Accuracy comes to mind. For example the value 0.1 cannot be
represented accurately with base-2 floating point numbers (for
the exact same reason as 1/3 cannot be represented accurately
with base-10 decimal numbers).

If you add 0.1 to itself 10 times, you won't get 1.0 (you get
a value which is extremely close to it, but not exactly 1.0).
That might not be what one wants.

Just a nit, but you *might* get 1.0. More accurately, too, you
probably can't add 0.1 to itself, because you can't have a value
0.1, just a value which is extremely close to it. Although the
standard allows base 10 floating pointer arithmetic, I don't
know of a modern implementation that uses anything other than
base 2, 8 or 16. And 0.1 isn't representable in any of those
bases. (And of course, if adding 0.1 ten times does happen to
work, just choose some other value---whatever the
representation, adding 1/N to itself N times will fail to give 1
for some N. Because 1/N isn't representable.)

But the basic objection remains: you can't exactly represent
seconds, and the results of any calculations which should result
in seconds may be off by some very small amount. Which could
cause problems if you want to compare two times. Not to mention
that you're likely to end up with fractions of a second when you
don't want them. All in all, using floating point here is
probably the worst possible solution (but the standard allows
it: time_t may be a typedef to double).

 

[James Kanze]

YMMD - it makes for very easy date calculation when you have
to handle lots and lots of date routines (where speed isn't as
big an issue as variety).

Well - then why is the ctime implementation of struct tm also
counting months starting from zero? And the weekday (tm_wday),

Because these values are strings; adding numbers to strings
doesn't work very well, but adding a number to the index into a
table of strings does. And in C, indexes start at 0.

day of year (tm_yday) as well as the year (ok, actually that
is being counted from 1970

In time_t.

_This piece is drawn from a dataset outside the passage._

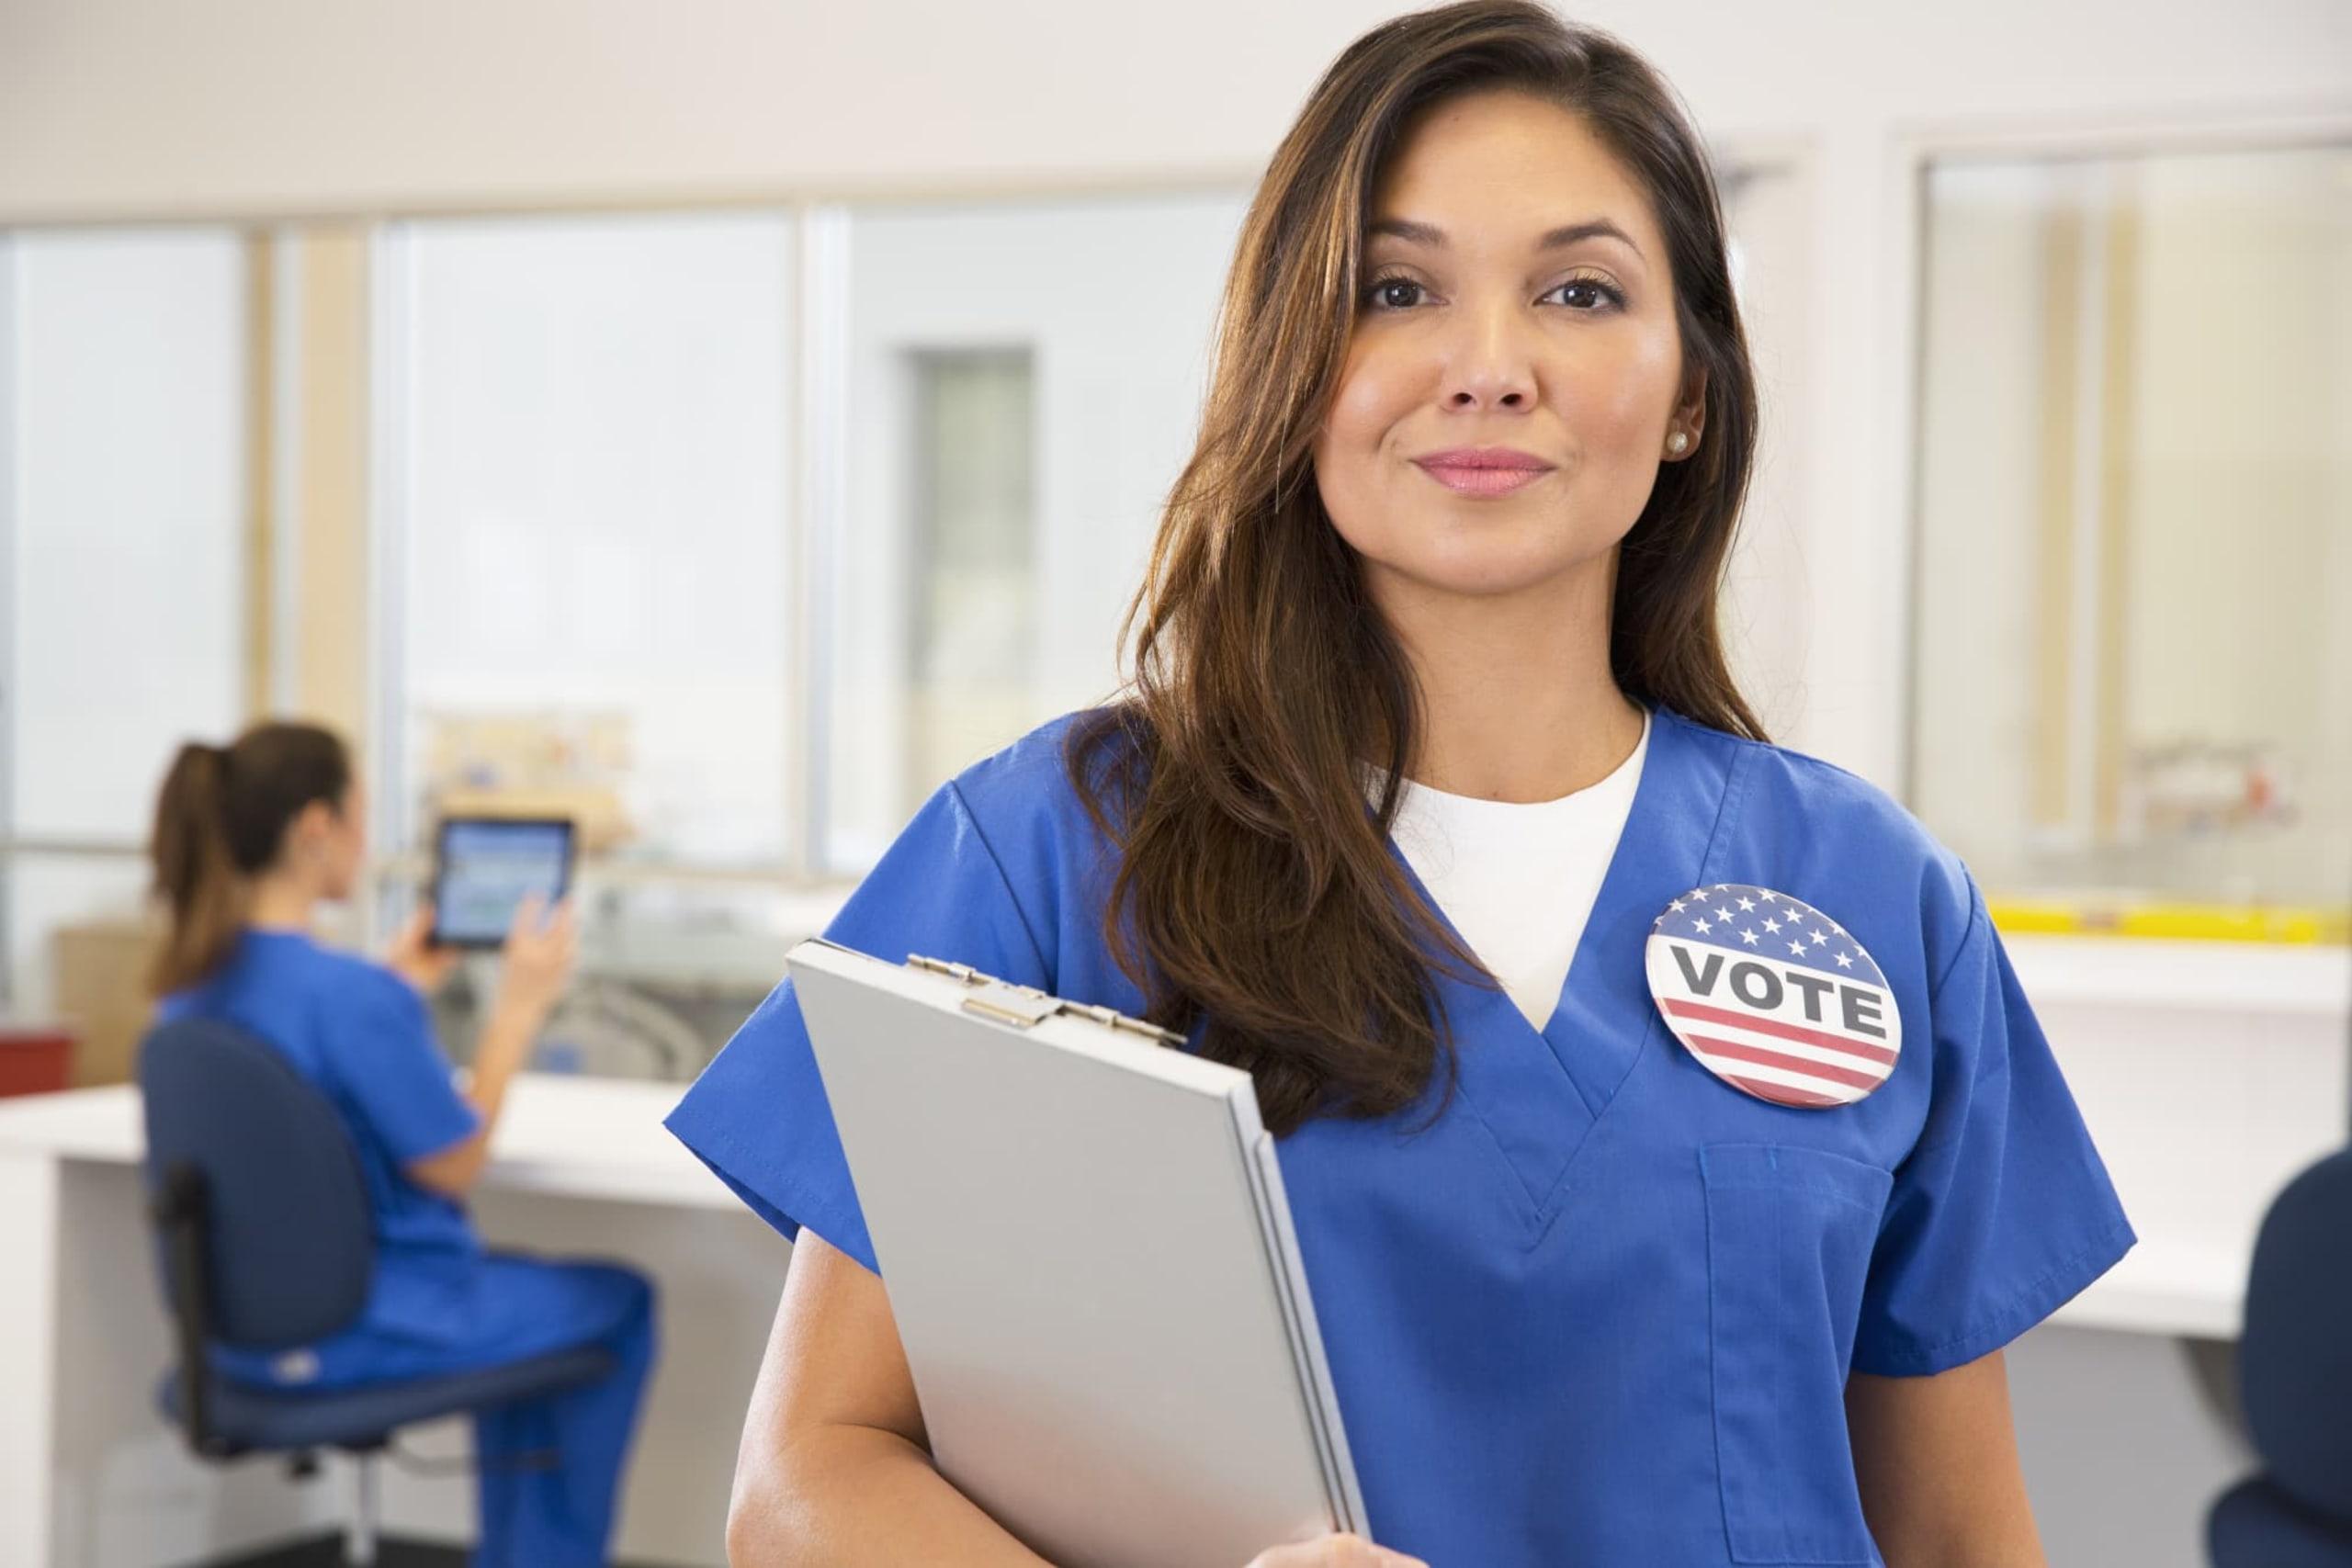 How Nurses Can Promote Civic Engagement

In tm, its from 1900. Format the tm_year field as
%02d, and you get a 2 digit year, exactly as people back in the
1970's (when time.h was designed) would expect it.

- also a big limitation of this time format: due to the
unnecessarily high accuracy, you can not express any dates
prior to 1902-01-01...

Again, it's implementation defined. But most implementations do
use the Unix conventions, or something similar (in particular,
with time_t being a 32 bit integer). And again: this format was
designed mainly for file timestamps; the inventors weren't
worried about files which were modified before 1970, since they
couldn't exist.

For a general purpose library, 32 bits aren't enough, even for a
resolution of seconds. (A 64 bit value representing nanoseconds
is good for over 200,000 years, and representing microseconds,
for well over the expected age of the universe. Which should
cover most needs.)

Not really

Very really, within the context

No, I was not aware of it, but that was the purpose of my OP -
I wanted to learn about alternatives So thanks for that!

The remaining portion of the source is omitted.